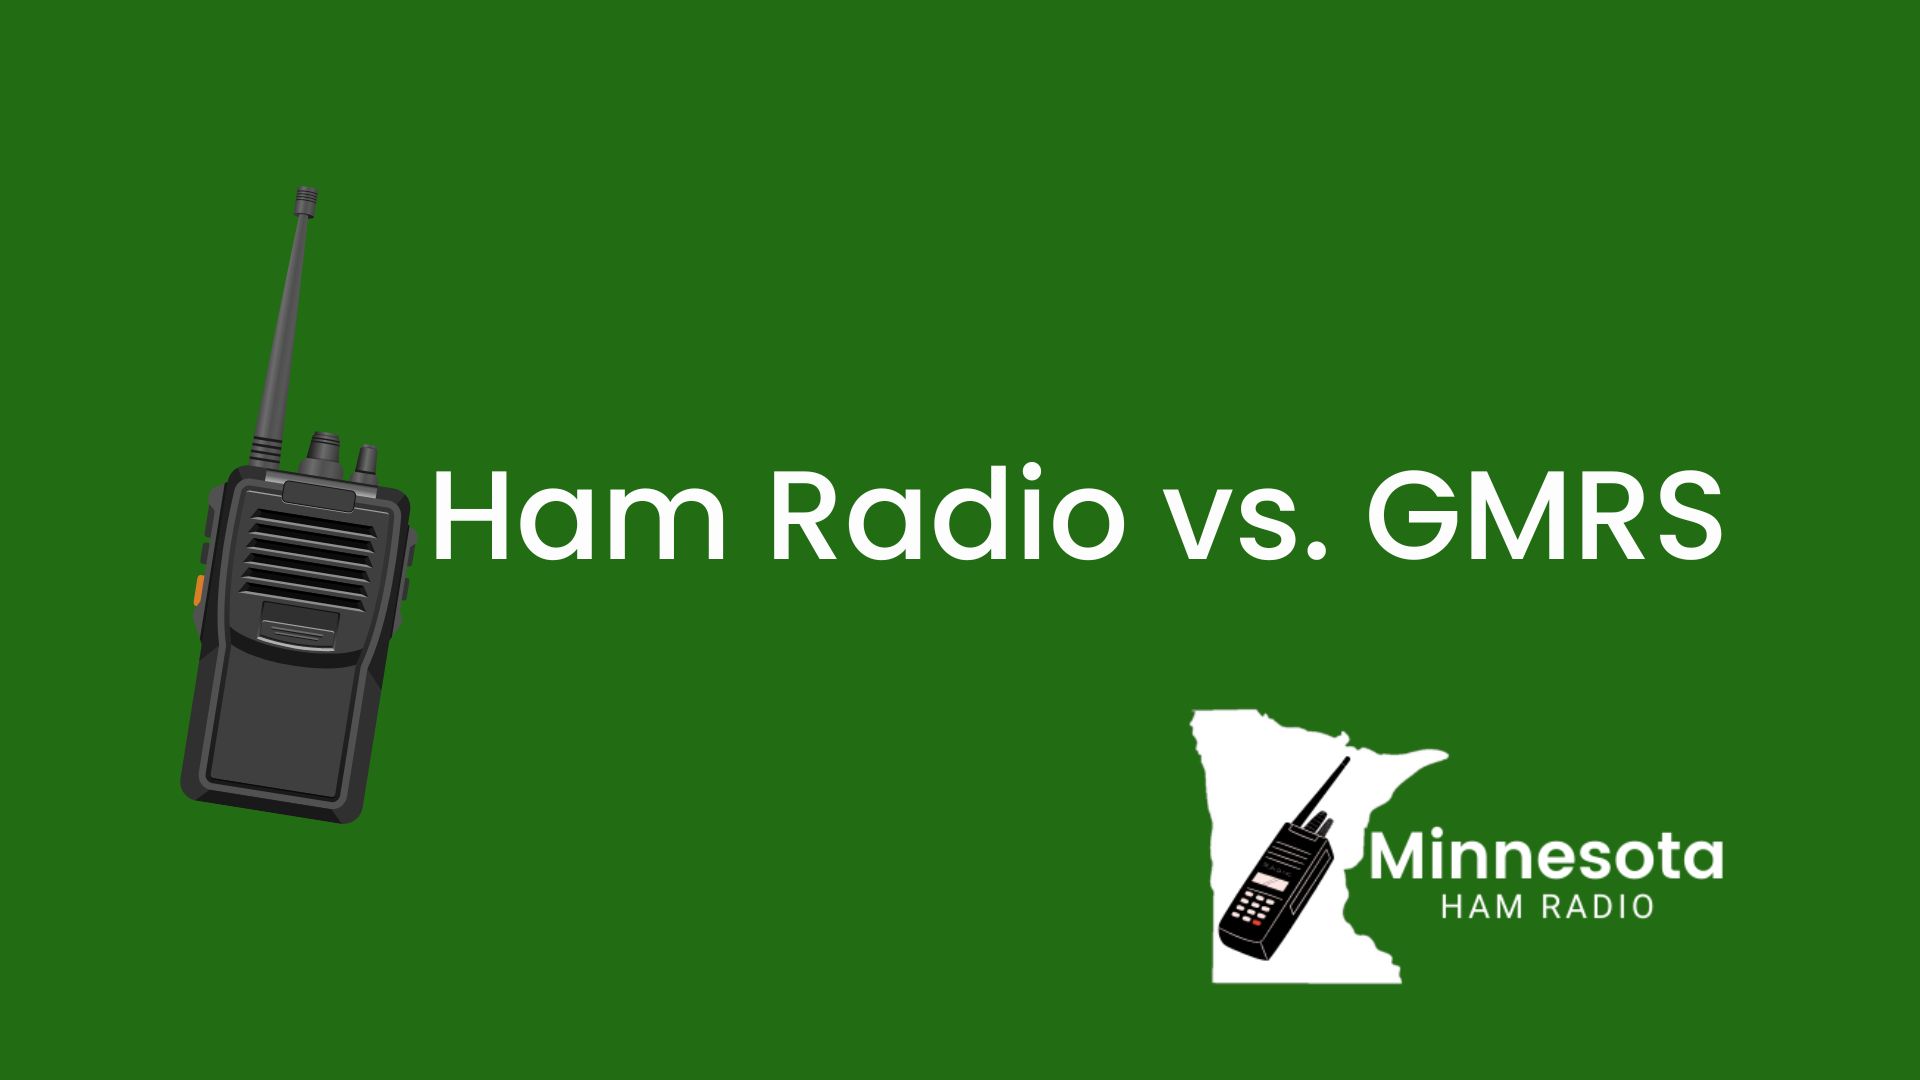 Ham radio vs GMRS
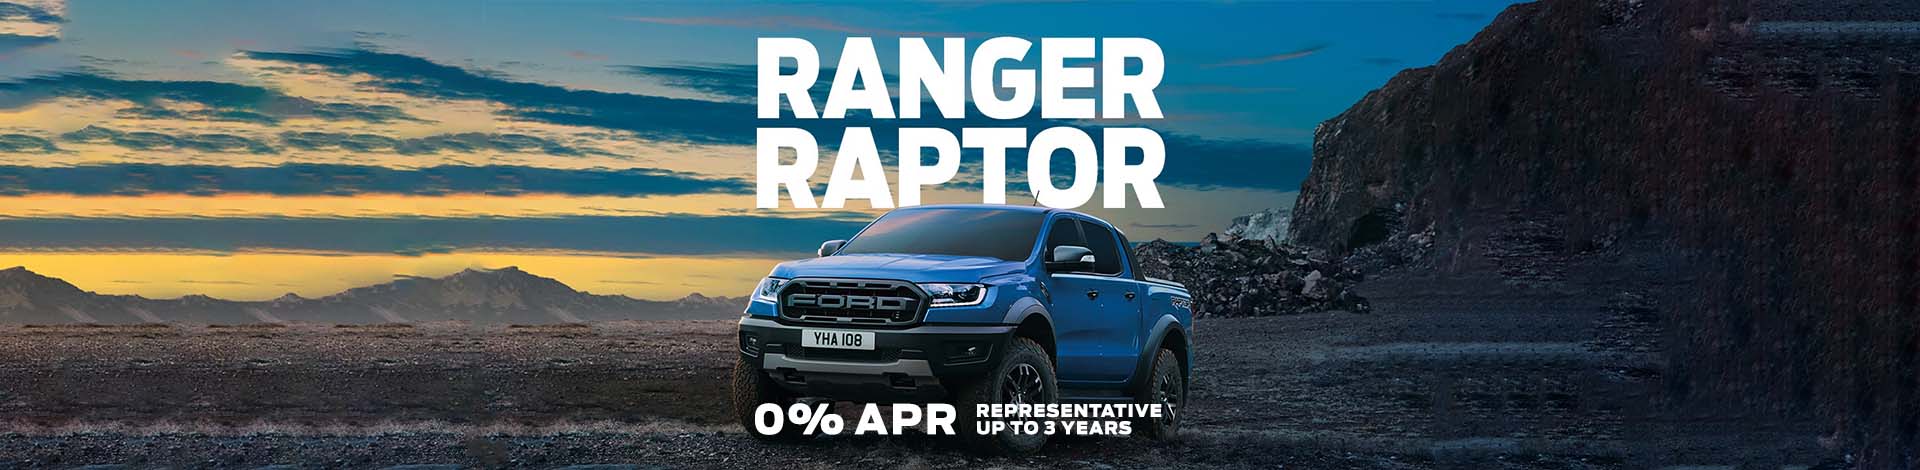 Ford Ranger Raptor Page
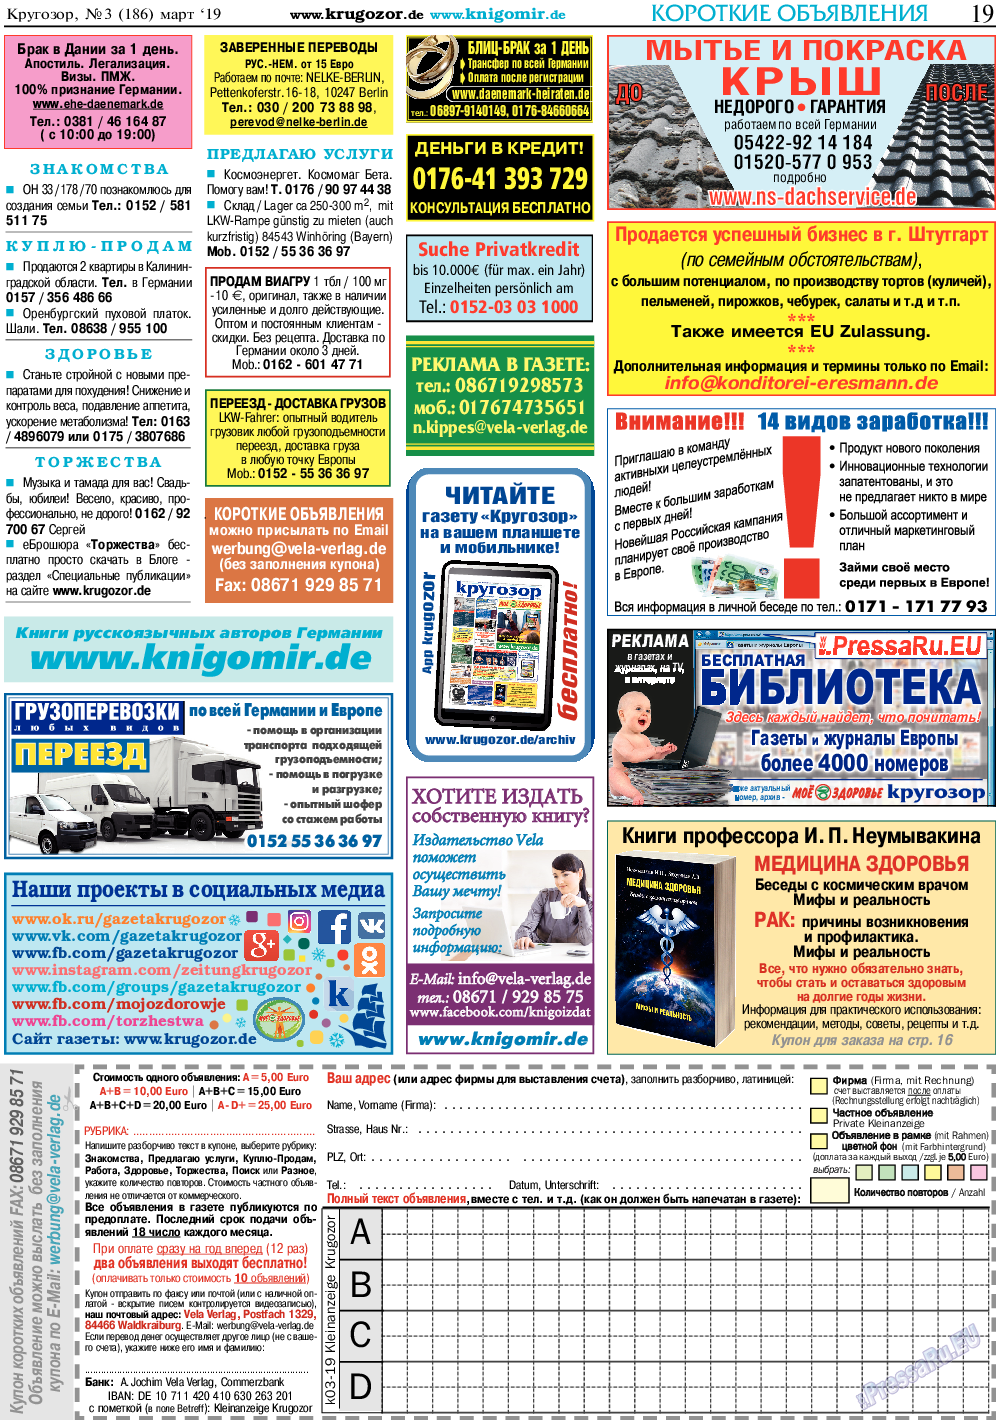 Кругозор, газета. 2019 №3 стр.19
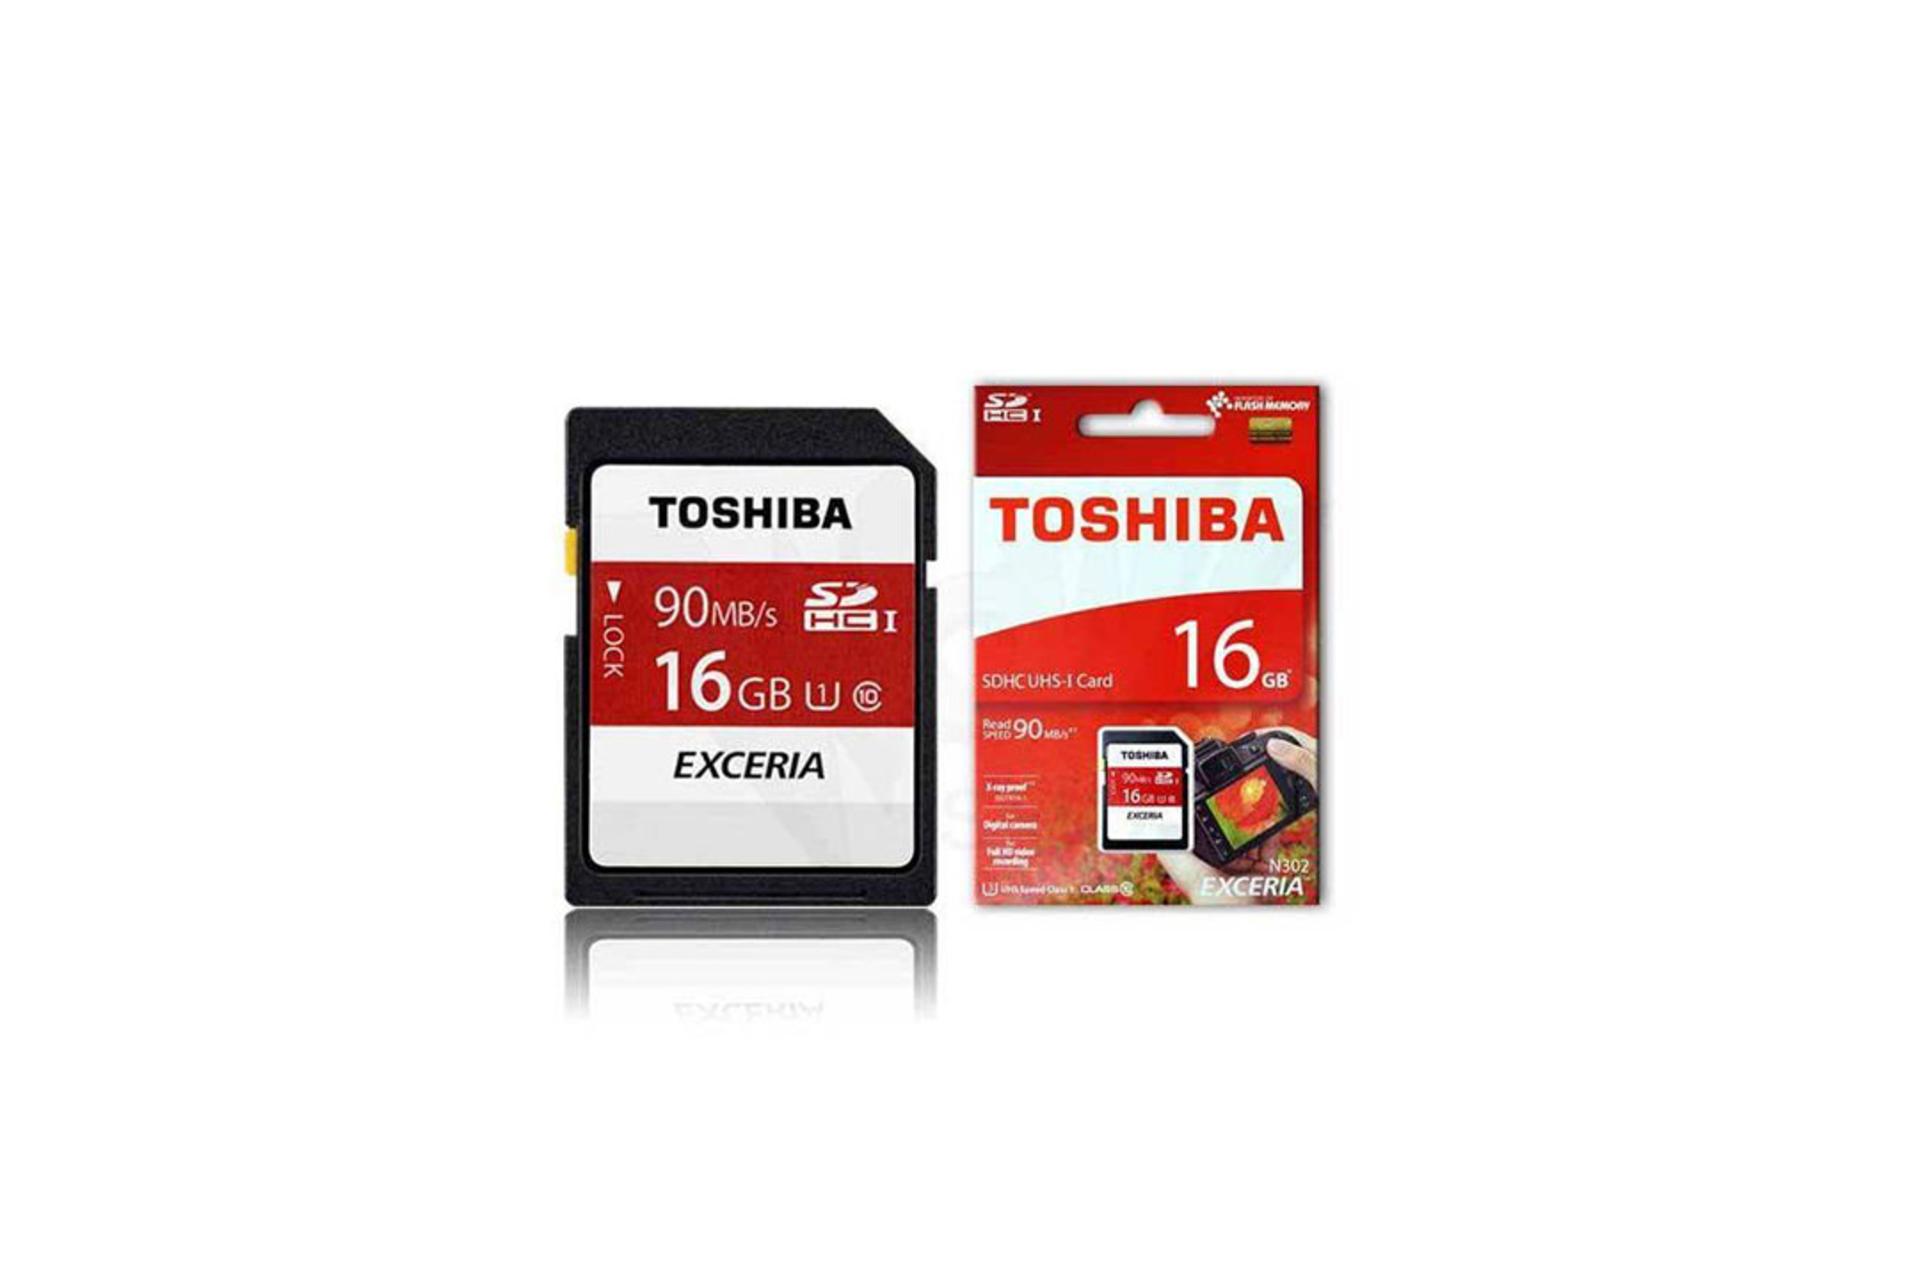 Toshiba Exceria N302 SDHC Class 10 UHS-I U1 16GB
- - - -
Activity
The lines to be extracted begin at the line containing "Кругозор, газета. 2019 №3 стр.19" and continue through the final line of the material above, both ends included. Reproduce them exactly, without the pictures.

Answer to the problem
 Кругозор, газета. 2019 №3 стр.19
 Toshiba Exceria N302 SDHC Class 10 UHS-I U1 16GB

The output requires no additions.